Nepal private schools mandate Mandarin after China's sponsorship - solarengineer
https://m.timesofindia.com/world/south-asia/nepal-schools-make-mandarin-compulsory-after-china-offers-to-pay-teachers-salaries/amp_articleshow/69799114.cms
======
powerapple
It is a good thing. So many Chinese tourists go to Nepal, and students can
learn and do business with China, it will boost Nepal economy greatly.
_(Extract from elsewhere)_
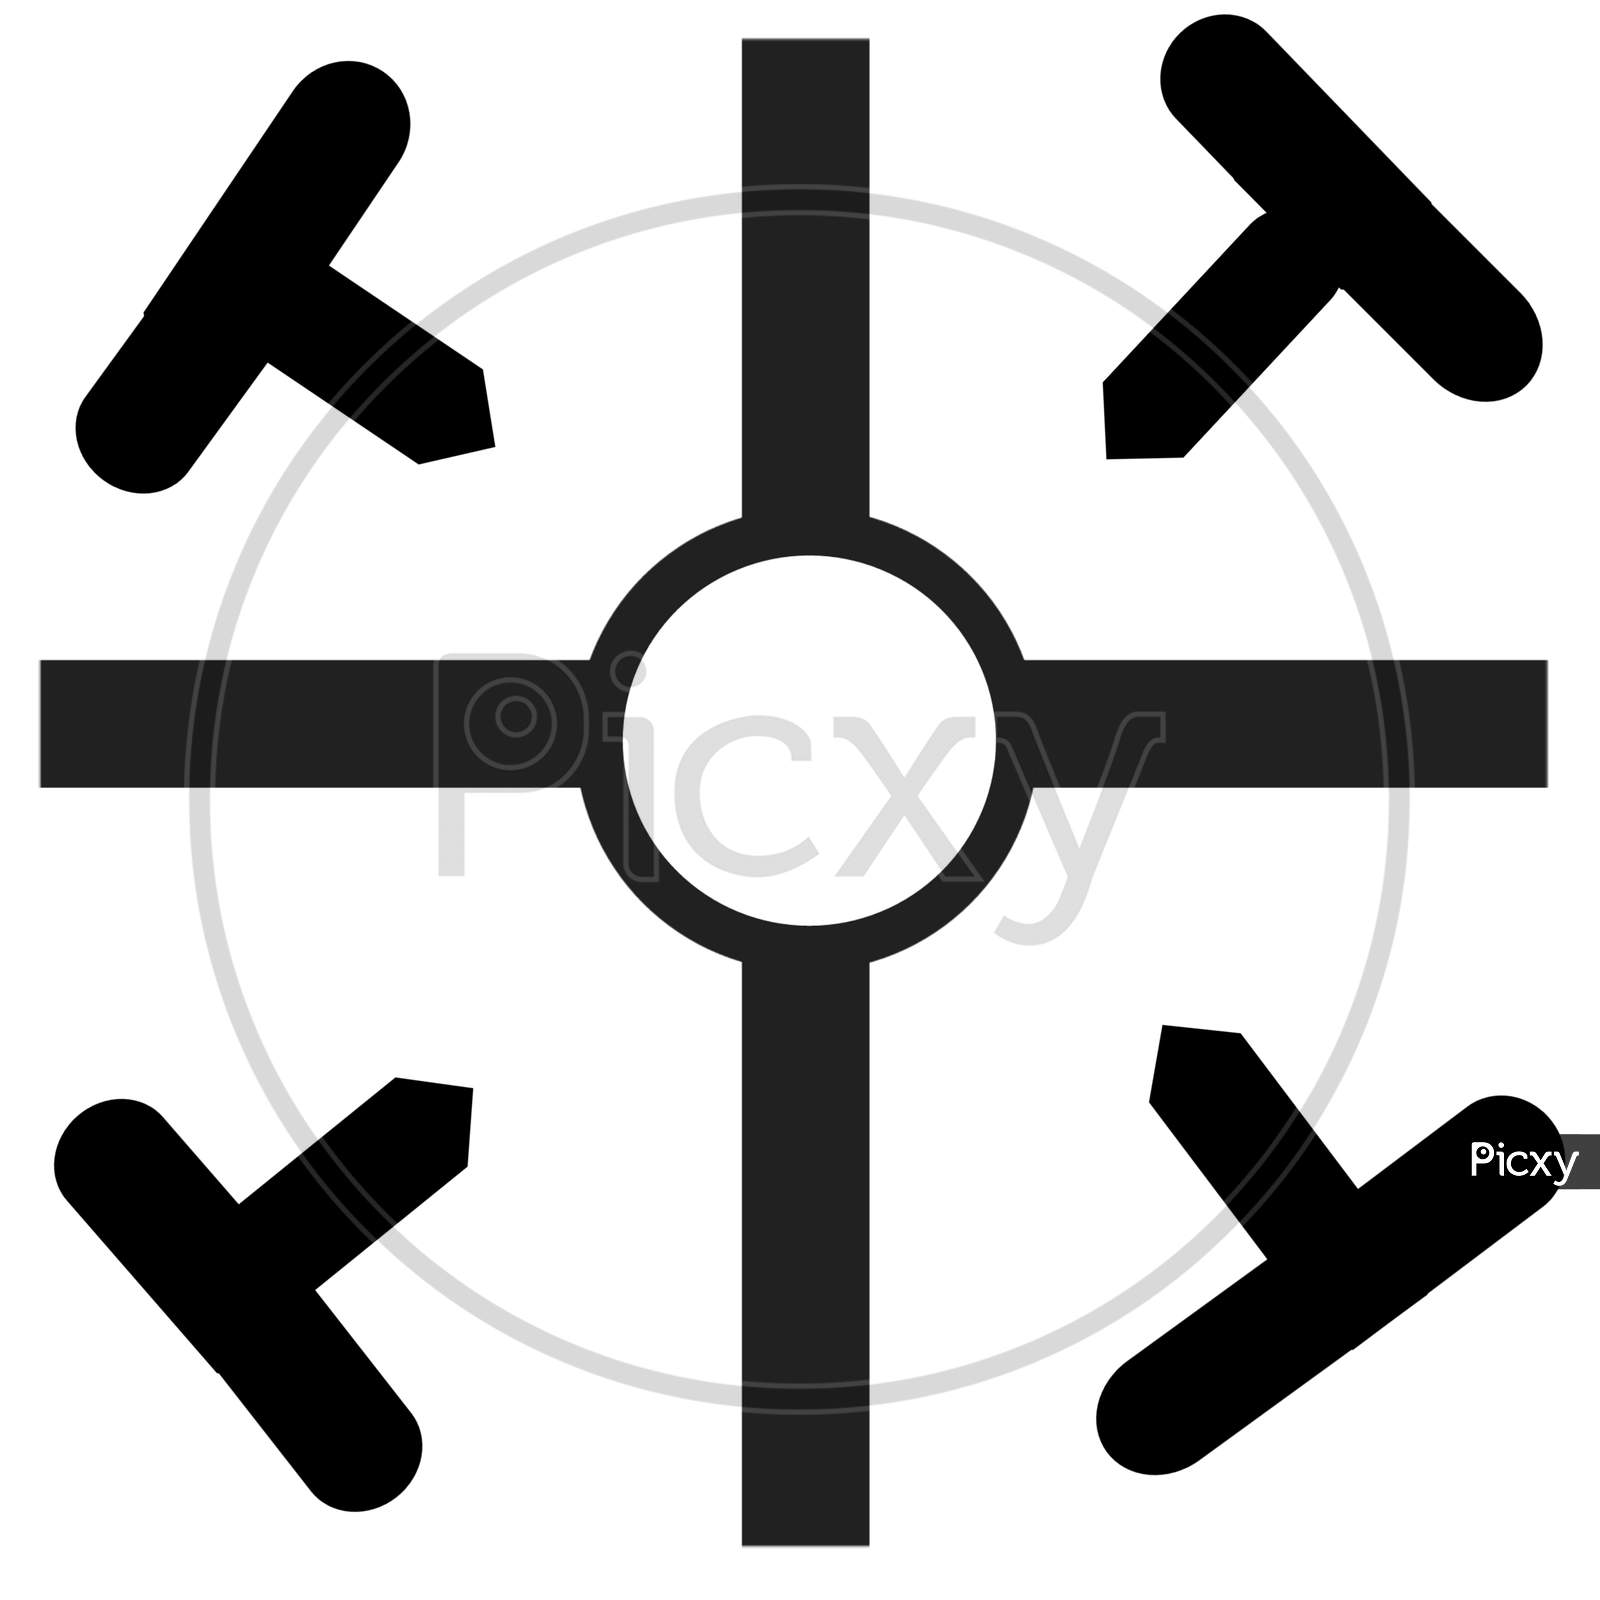 Coptic Cross Symbol With White Background.

Nepals
are going to Middle East for jobs now, because English is what they learn.
English is mandatory in Chinese public and private school for ages.

------
godelmachine
Looks like India’s foreign policy is not that good after all.

------
llampx
I'm surprised they're mandating Mandarin rather than just starting with
changing the views of students towards China.

------
programmer_dude
You can lead a horse to water ...

Learning Mandarin is not easy, expect resistance from the students.

------
NotPaidToPost
Learning to speak mandarin is not difficult and arguably the grammar is
simpler than in English. Learning to read and write is difficult because of
the quantity but characters are highly structured. It's interesting and I
don't see what there should be any "resistance" from the students.

Nepal has a border with China, it does seem like a good idea to teach Chinese
in schools. Like it makes sense for China to promote this.

The state of the media when this anecdote from a remote country makes
headlines all over the place... With the usual suggestions of sinister
motives.